This excerpt is from Alice Hatcher’s novel, The Wonder That Was Ours, forthcoming September 2018 from Dzanc Books.
The day of Professor Cleave’s arrest began like any other. He awoke before his wife and daughter, and after a quick breakfast of tea and bread, he sprayed his cab with Roach Out! and turned on its radio to drown out the sounds we made crawling for cover.
“Someday, the meek shall inherit the Earth,” he said, snapping a plastic cap onto an aerosol can. “But today is not that day.”
That day was the last he’d later count among the happiest days of his life. On the night that ended these, his most hopeful days, he was driving along the harbor, where Portsmouth’s shops gave way to the collapsing houses of Tindertown. The woman stumbled into the street, and he might have hit her, if not for her arresting pallor. As he later recounted to a jury, she slurred no more than most late-night passengers when she gave him an address. In the back of his cab, she rested her head against the window. He spoke once or twice to stir her, drawing from a worn repertoire designed to hold the waning attentions of nodding drunks. When the odor of urine filled his cab, he pulled onto the shoulder, turned on his dome light, and took in the bluish cast of her skin. All he remembered of the drive to the hospital were the streaking headlights of passing cars. In the lobby, he screamed for help, knowing she was already dead.
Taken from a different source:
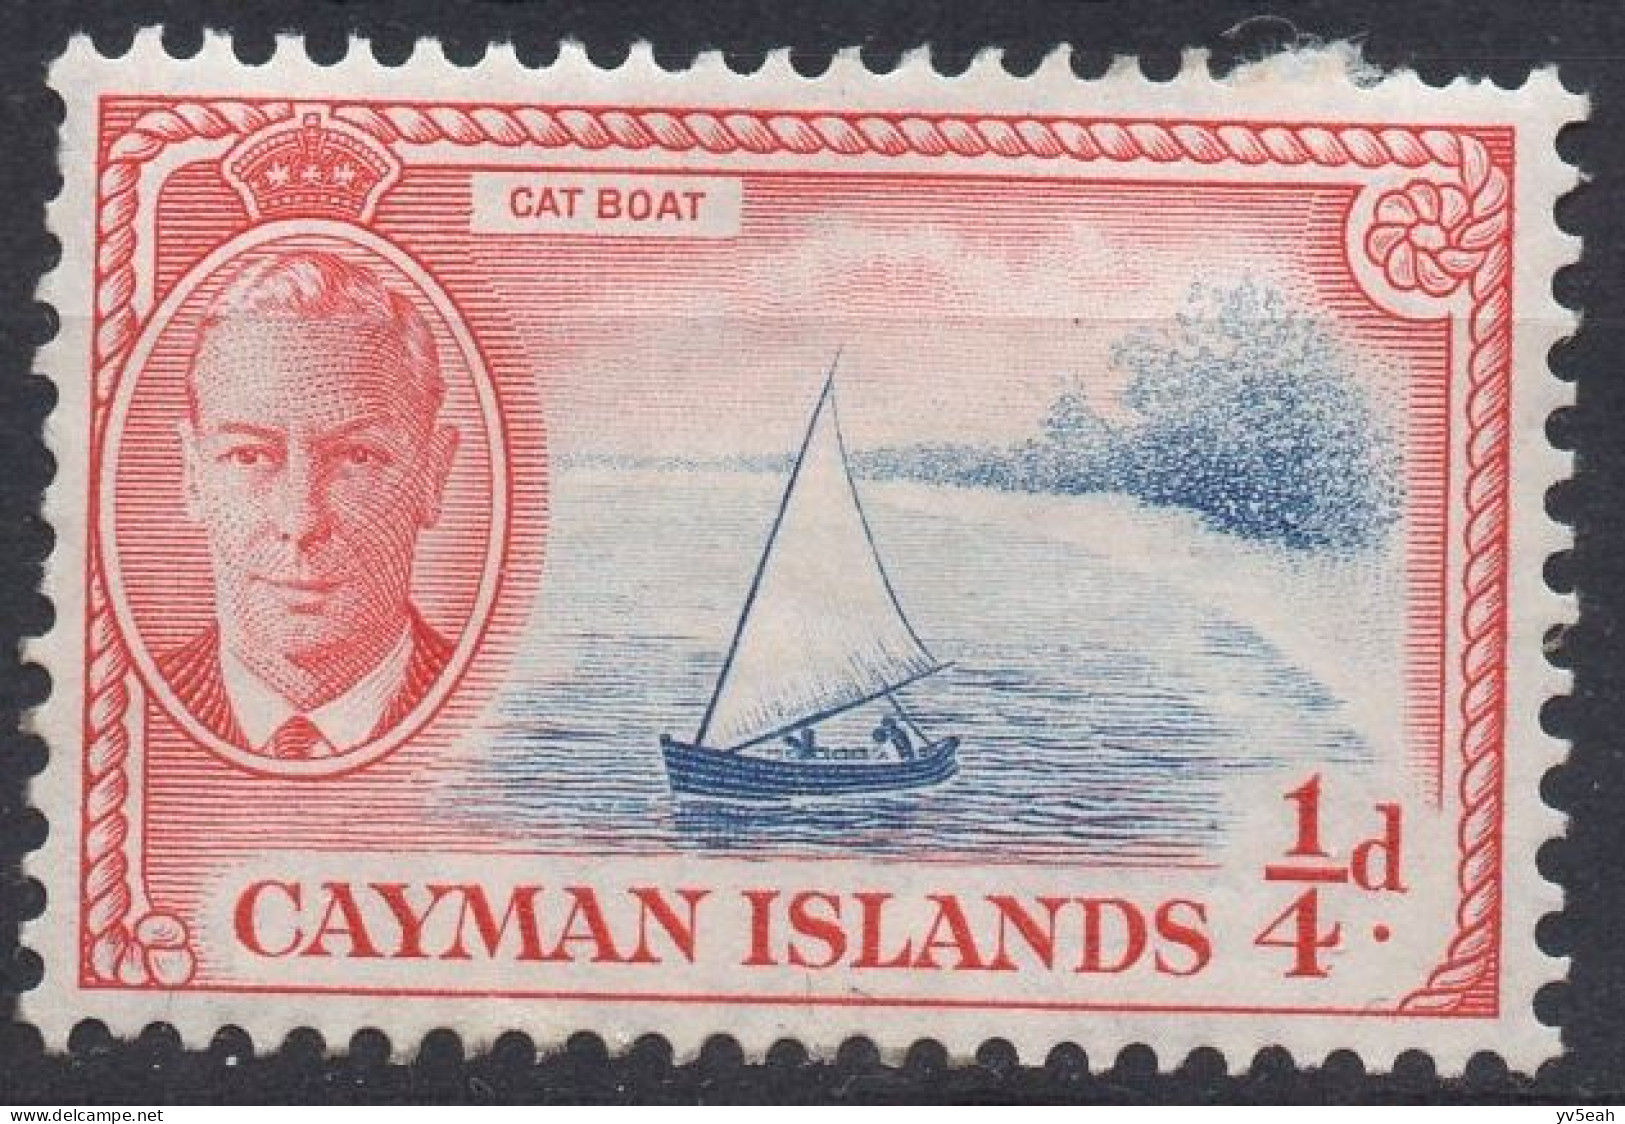 CAYMAN ISLAND/1950/MH/SC#122/KING GEORGE VI / KGVI / CATBOAT/ 1/4p ROSE RED & BLUE - Cayman (Isole)

The police came to his house at dawn. The woman had been an American heiress enamored with cocaine, and amicable international relations demanded the appearance of justice. Professor Cleave was the perfect patsy. He was sitting at the table, drinking rum straight from a bottle when the police arrived. While Cora and Irma cowered in their nightclothes, the police overturned every piece of furniture in the house, rifled drawers, and produced tiny bags of white powder.
At a farcical trial held after the bruises on Professor Cleave’s face faded, a prosecutor depicted him as a sociopath. Through tracts such as Kapital, Cabs and the Coming Crisis, he asserted, the defendant had promoted extremist ideologies of the most corrosive nature. Reading from a notecard, he provided the jury with an abbreviated catalogue of titles in Professor Cleave’s collection of books. Lamentable works such as Crime and Punishment, As I Lay Dying, Slaughterhouse Five, and The Naked and the Dead, he argued, provided clear evidence of a criminal mind and morbid predisposition, while Civilization and its Discontents disparaged the foundations of society.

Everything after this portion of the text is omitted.